■ PROBLEM STATEMENT ■
Could the data below please be reproduced word for word, without the pictures?

■ GIVEN MATERIAL ■
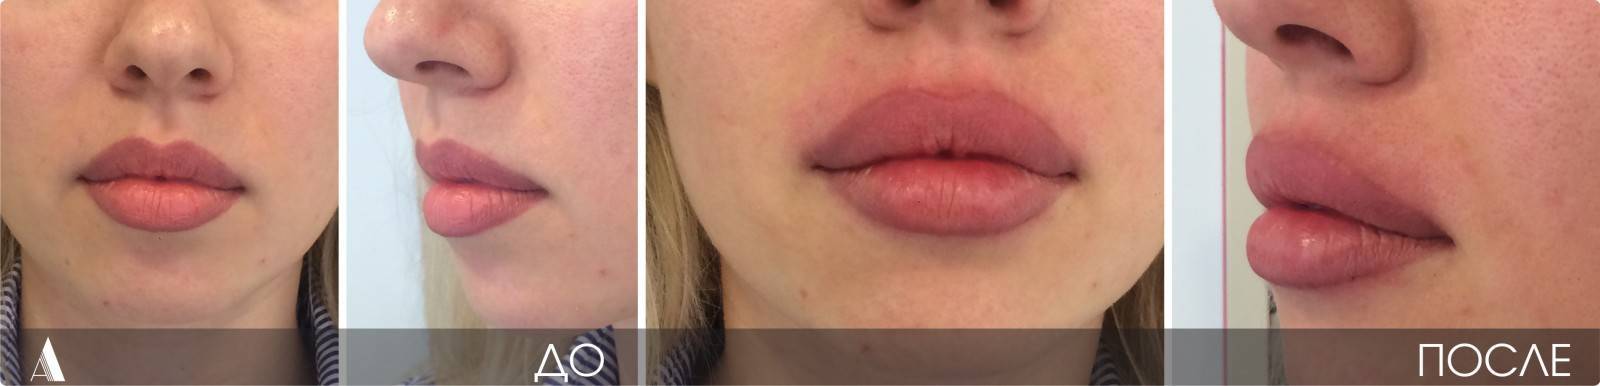 5 эффективных методов, как поднять опущенные вниз уголки рта и разгладить морщины
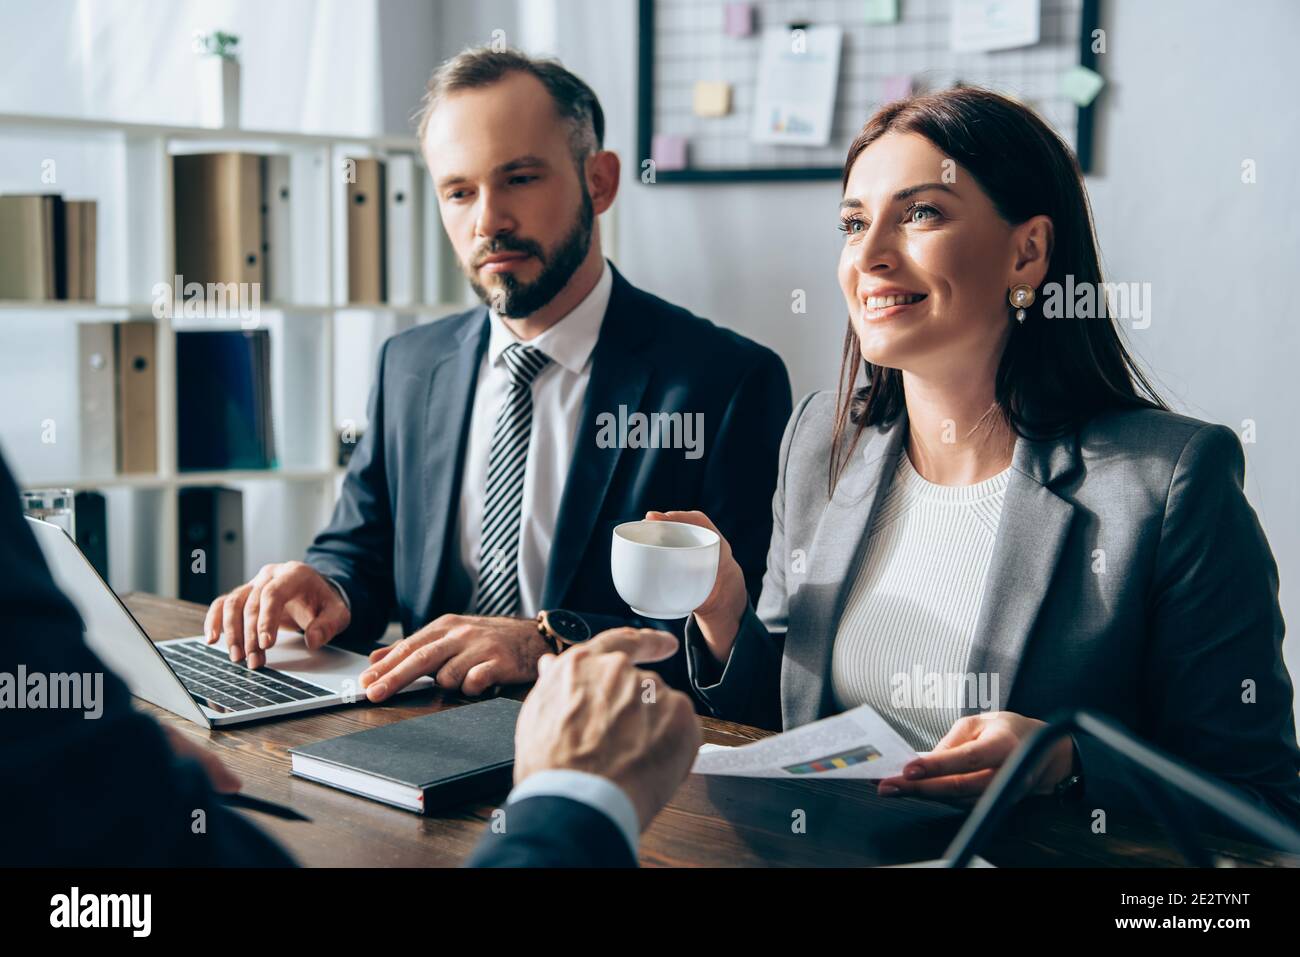 Femme d'affaires souriante tenant une tasse près d'un collègue utilisant un ordinateur portable et un investisseur pointage avec le doigt sur un premier plan flou Banque D'Images
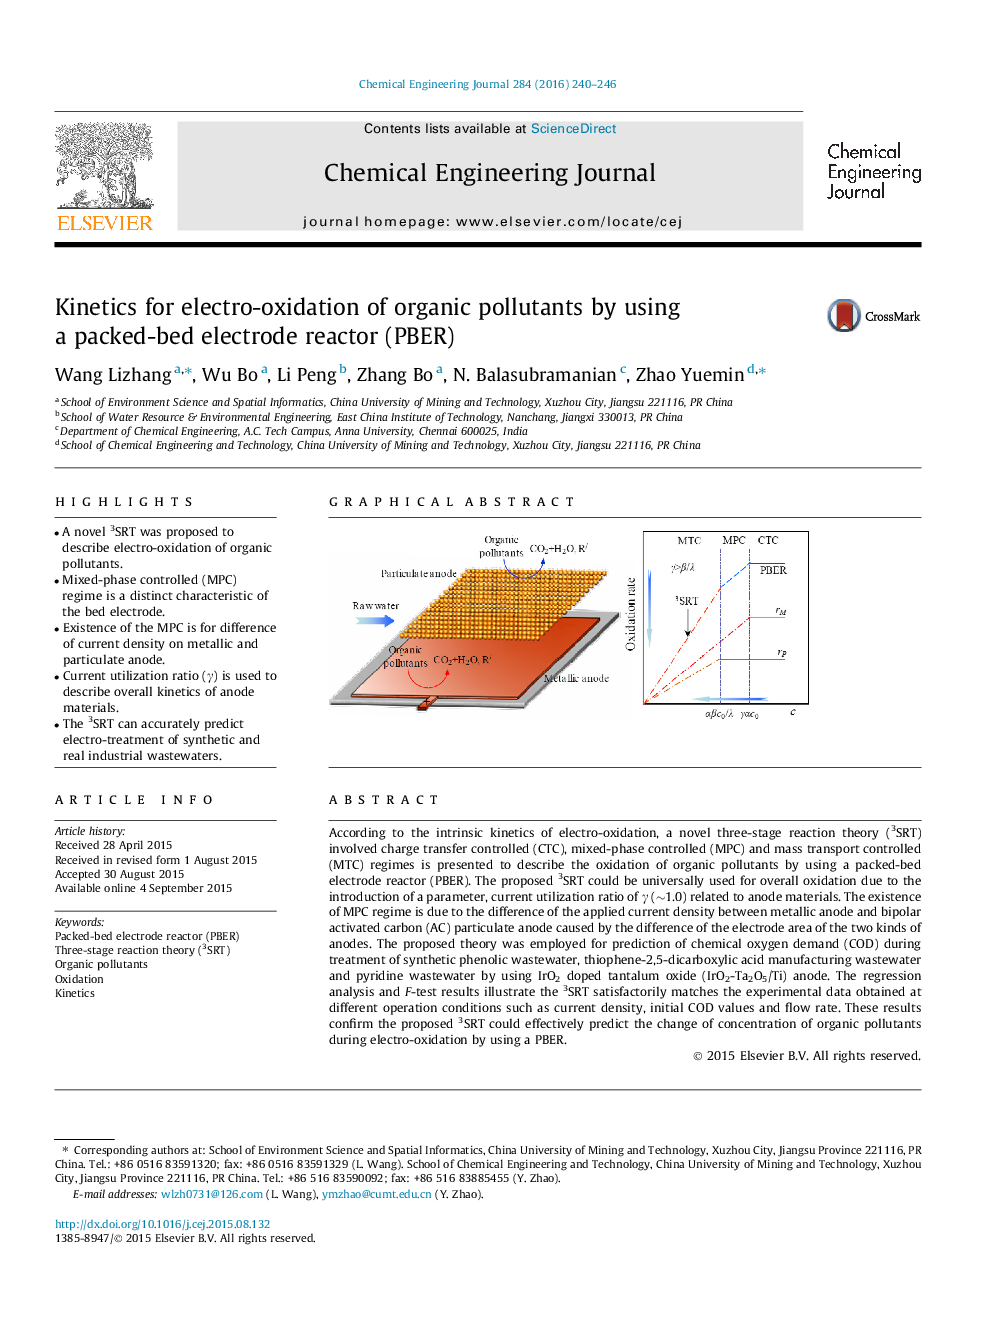 سینتیک برای الکترو اکسیداسیون آلاینده های آلی با استفاده از یک راکتور الکترود بسته بندی شده (PBER)

■ COMPLETED TASK ■
 5 эффективных методов, как поднять опущенные вниз уголки рта и разгладить морщины
 Femme d'affaires souriante tenant une tasse près d'un collègue utilisant un ordinateur portable et un investisseur pointage avec le doigt sur un premier plan flou Banque D'Images
 سینتیک برای الکترو اکسیداسیون آلاینده های آلی با استفاده از یک راکتور الکترود بسته بندی شده (PBER)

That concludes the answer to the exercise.